As this shows, the KL term dominates in this case. This means the optimal ELBO is found by moving q to be close to the prior, and once we do this, we essentially force independence, so $p(x | z) = p(x)$. Rui's original post explains this in much more detail, so check it out.

The key point here is that this is a scenario where the VAE strongly favours generation over inference - because the KL dominates, whether we generate samples from the prior or approximate posterior, they will be roughly the same quality.

However, we sacrifice on the inference - we have learnt a really poor model for $p(x \mid z)$.

The problem

The real problem lies within the KL divergence. In most VAE formulations, the prior is used to shape the latent variable space - have a look at a few of my previous posts to see this in action. However, this property is actually about the marginal distribution of $q$.

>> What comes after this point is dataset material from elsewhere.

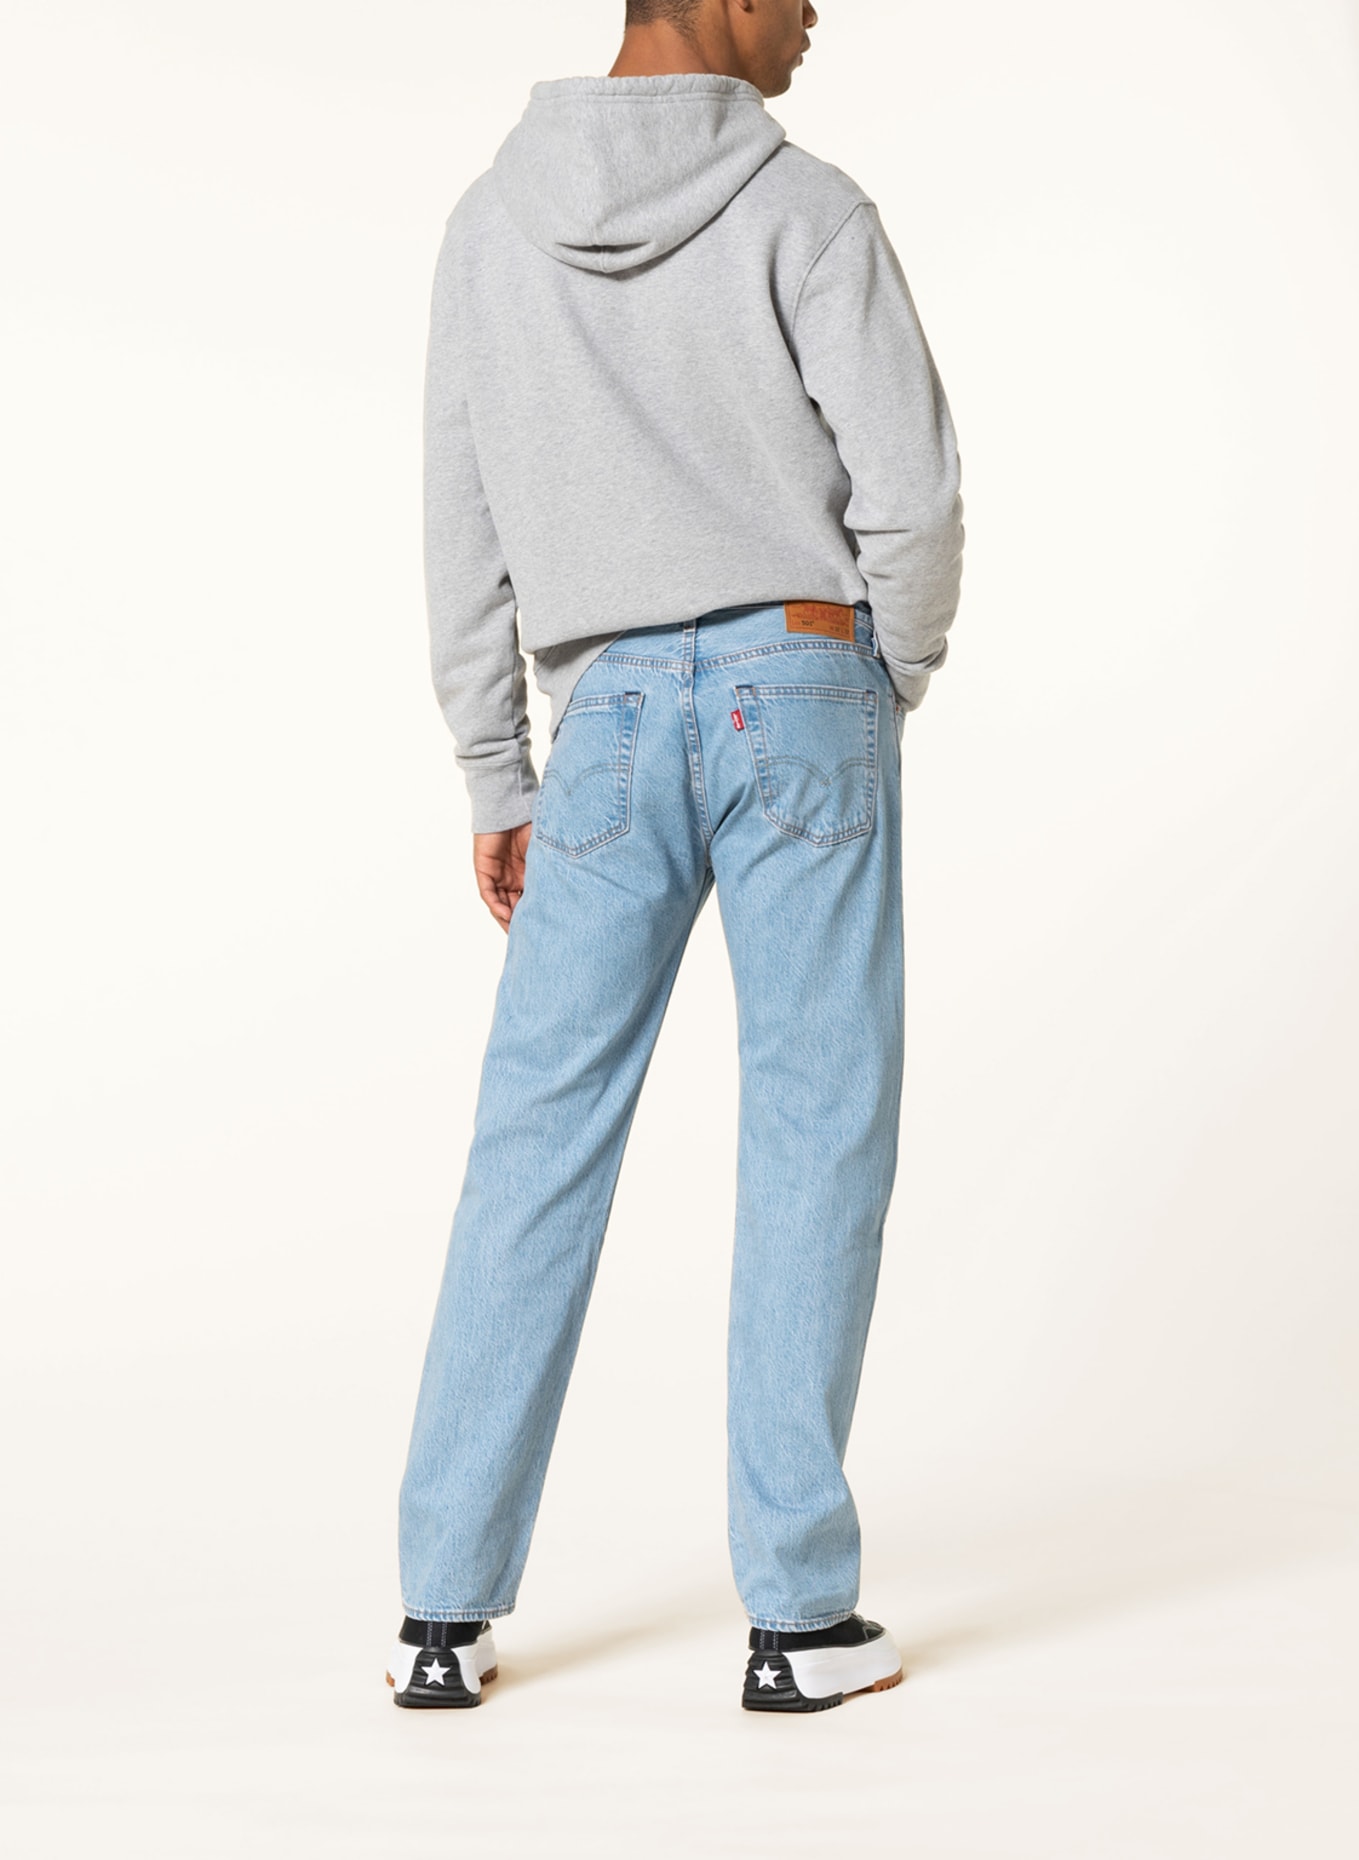 Levi's® Jeans 501 regular fit, Color: 86 Med Indigo - Flat Finish (Image 3)
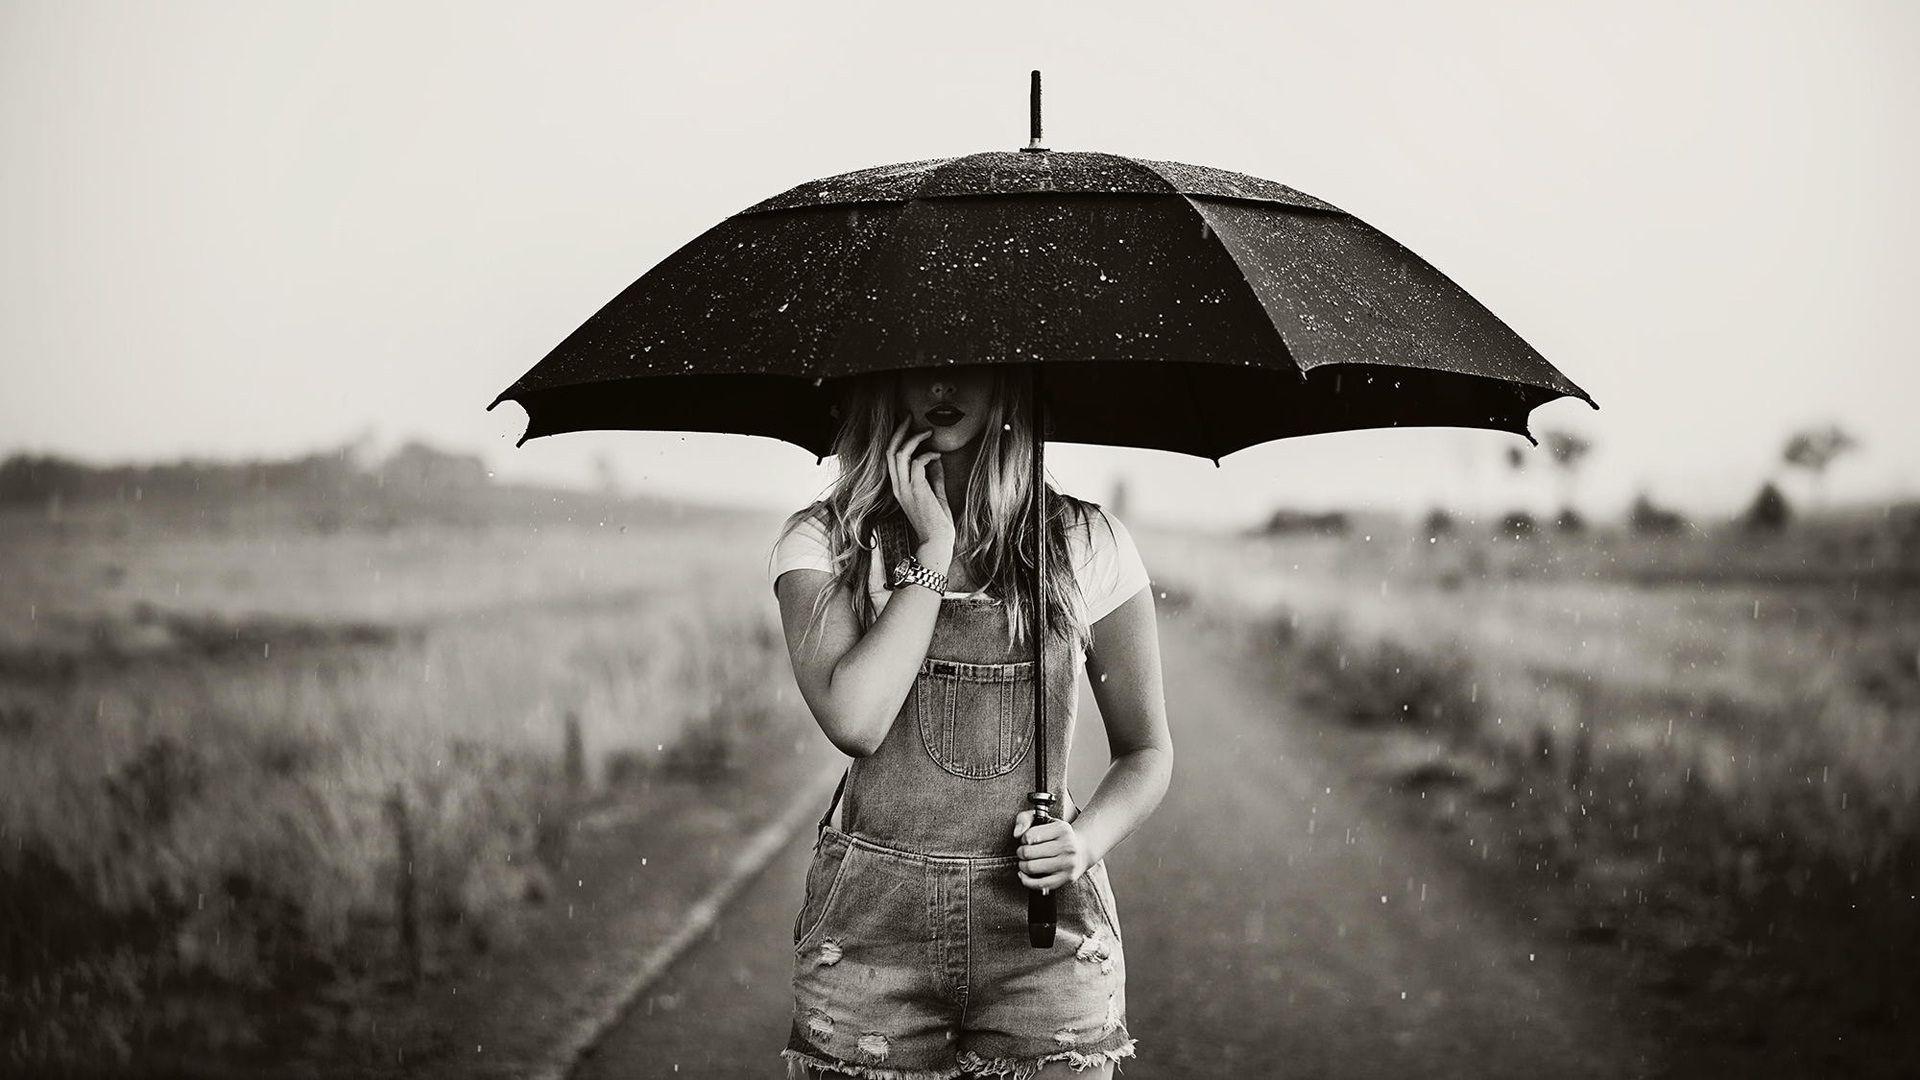 Best of Sad Girl In Rain With Umbrella

We would really like the overall shape to be given by the prior, e.g. the unit circle, and that this be 'divided up' so that conditioning on different samples gives some part of this space.

Because the ELBO requires us to minimise $KL[q(z|x) || p(z)]$, we don't do this. What we really want is to minimise $KL[q(z)|| p(z)]$. However, we don't have easy access to the marginal on $q$, so the ELBO uses the conditional as a way to approximately achieve this. This is the cause of all our problems!

Unfortunately, knowing the problem doesn't help much - computing the marginal is really expensive. We would also need to compute a bound involving the marginal. The ELBO Surgery paper shows:

$E_{p(x^{*})}[KL[q_{\phi}(z|x)||p(z)]] \geq KL[q_{\phi}(z)||p(z)]$

So if we just change the KL term in the ELBO to be in terms of the marginal q, we may not have a lower bound anymore.

Summary

This post has been a quick summary of the recent paper on the Generation Inference problem within VAEs. This has also been noted before in many places, and in general it should be no surprise - if we pick a very simple prior, this will be constraining.